Friday 20 October 2017

Molly and Thomas Martens plan to appeal guilty verdict as they begin 20 year sentence

  • Justice prevailed says prosecutor
  • Injuries were consistent with car accident
  • Father and daughter begin 20-25 year sentence in jail
Molly Martens-Corbett outside the Davidson County Courthouse. Photo: Donnie Roberts/The Dispatch
Molly Martens-Corbett outside the Davidson County Courthouse. Photo: Donnie Roberts/The Dispatch

Kathy Armstrong and Ralph Riegel

Molly Martens Corbett and her father Thomas Martens are planning to appeal their verdicts that they are guilty of the second degree murder of Irish businessman Jason Corbett.

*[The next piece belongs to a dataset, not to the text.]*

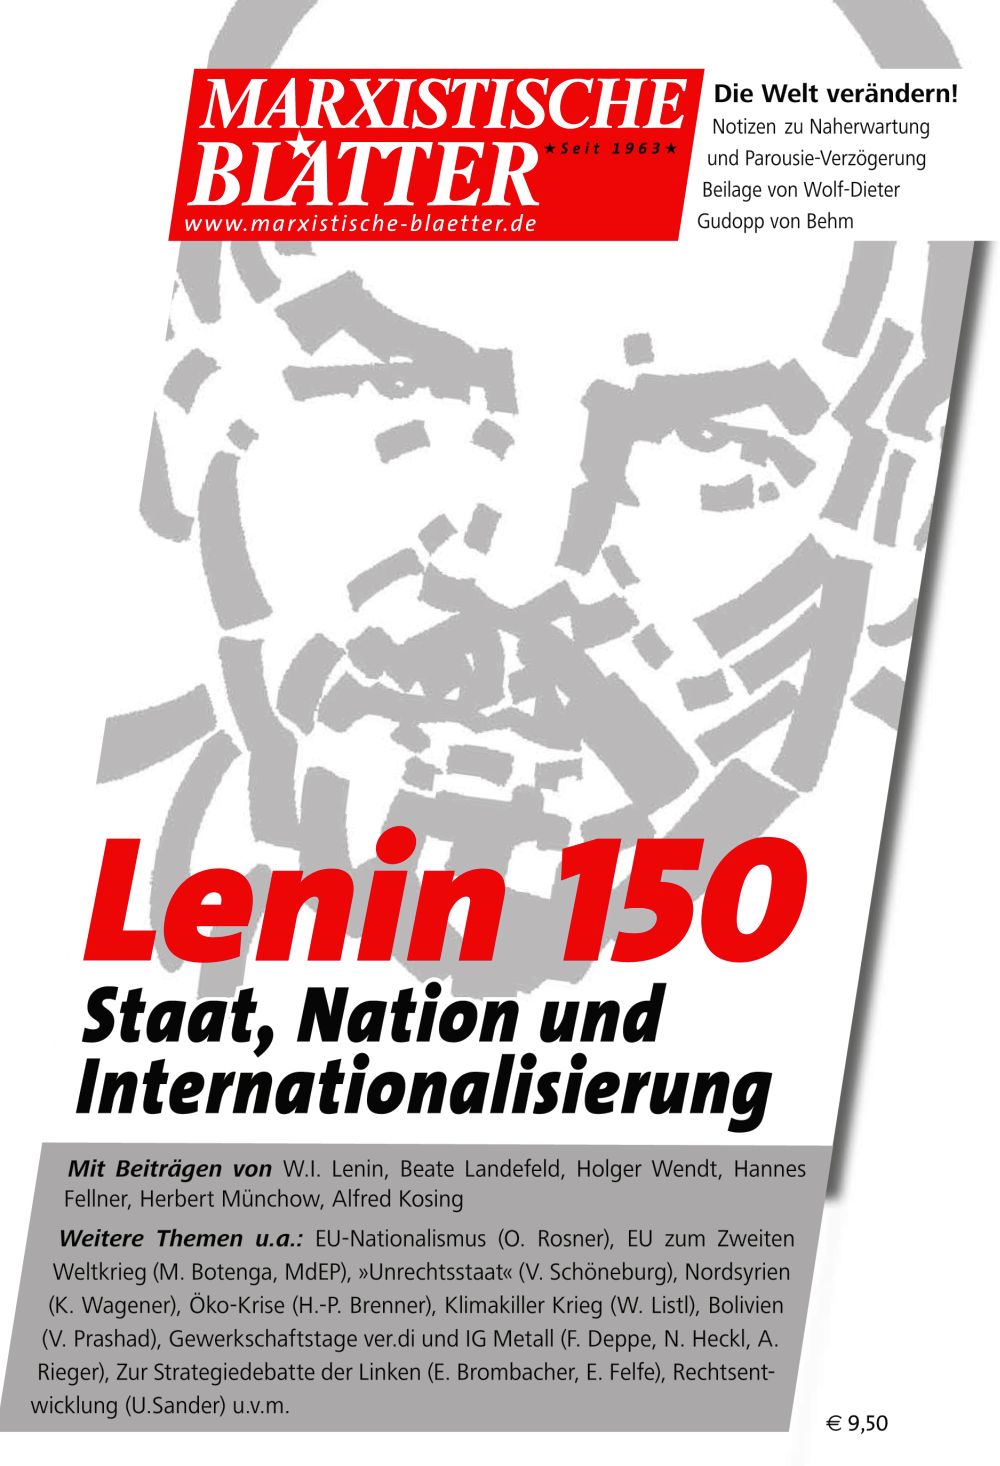 2020 - „Unser Lenin-Jahr 2020 ist eröffnet“ - - Theorie & Geschichte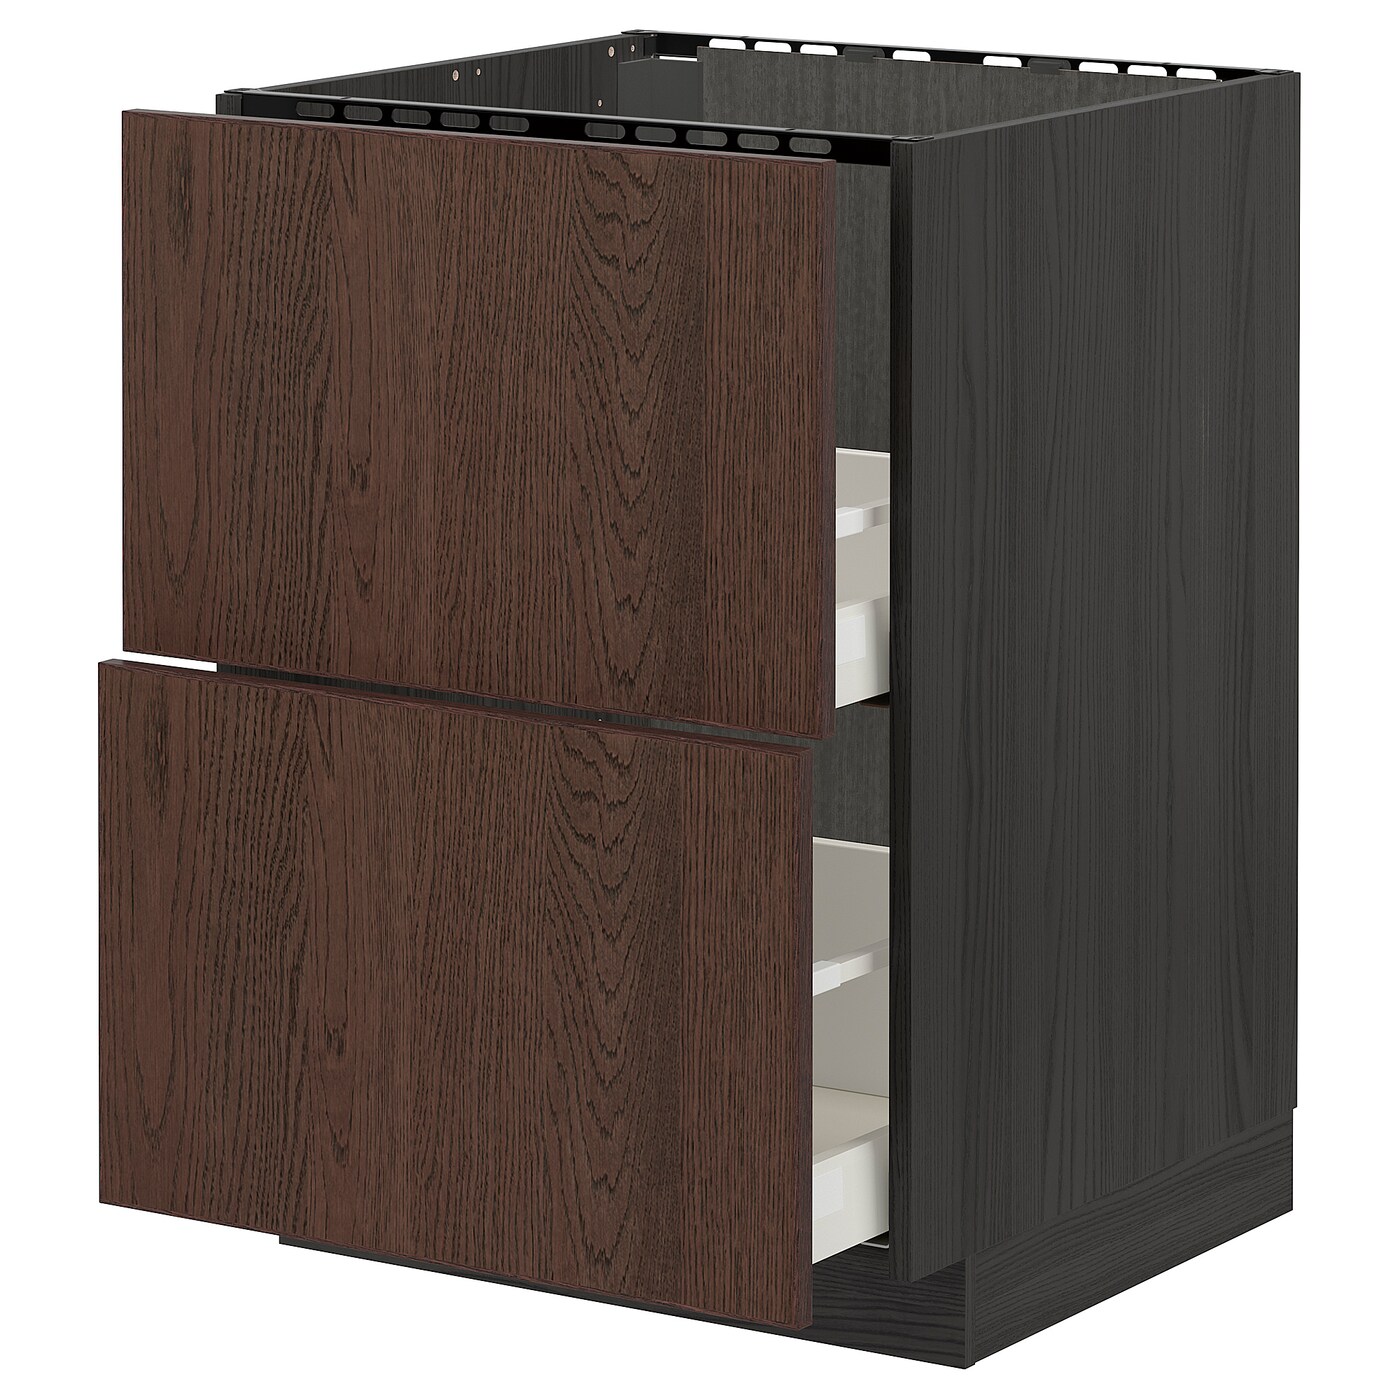 Напольный шкаф - METOD / MAXIMERA IKEA/ МЕТОД/ МАКСИМЕРА ИКЕА,  60х60 см, черный/коричневый

Ms Martens Corbett (33) and her father, former FBI agent Martens (67) were both sentenced to 20 to 25 years in prison on Wednesday for the 2015 killing of Molly's husband Jason.

Davidson District Attorney Gary Frank said that the pair hope to appeal the verdict.

Speaking on Morning Ireland on RTE Radio One, he said: "In open court they gave a notice to the North Carolina Court of Appeals, which will review the case.

"We'll stand by and it'll probably take about 90 days or so to get the evidence together and then the parties will be briefed and at some point the Court of Appeals will decide if they want to hear all arguments and they will enter a decision."

The Limerick native died after being struck on the head by a metal baseball bat and a brick. Extensive forensic evidence was presented in court throughout the trial.

Davidson County prosecutors had claimed Mr Corbett was fatally attacked because he planned to move back to Ireland with his children, Jack (10) and Sarah (8), but without his second wife.

He had refused to sign adoption papers giving his US wife equal rights to the children.

Molly Martens Corbett walks to the Davidson County Courthouse. Photo: The Dispatch
Molly Martens Corbett walks to the Davidson County Courthouse. Photo: The Dispatch

His first wife, Margaret 'Mags' Fitzpatrick, had died of an asthma attack in 2006 when the children were both aged under two years.

Ms Martens Corbett was also the main beneficiary of a $600,000 life insurance policy on her husband.

Her father, Thomas Martens, admitted he disliked his Irish son-in-law and wanted his daughter to divorce him.

Mr Fox spoke about the gruesome nature of his injuries, saying: "I've been the District Attorney for almost  20 years and all my prosecutors are virtually career prosecutors, we've seen it before but these were particularly extreme injuries for an assault with a bat and a brick and that was a factor in the case.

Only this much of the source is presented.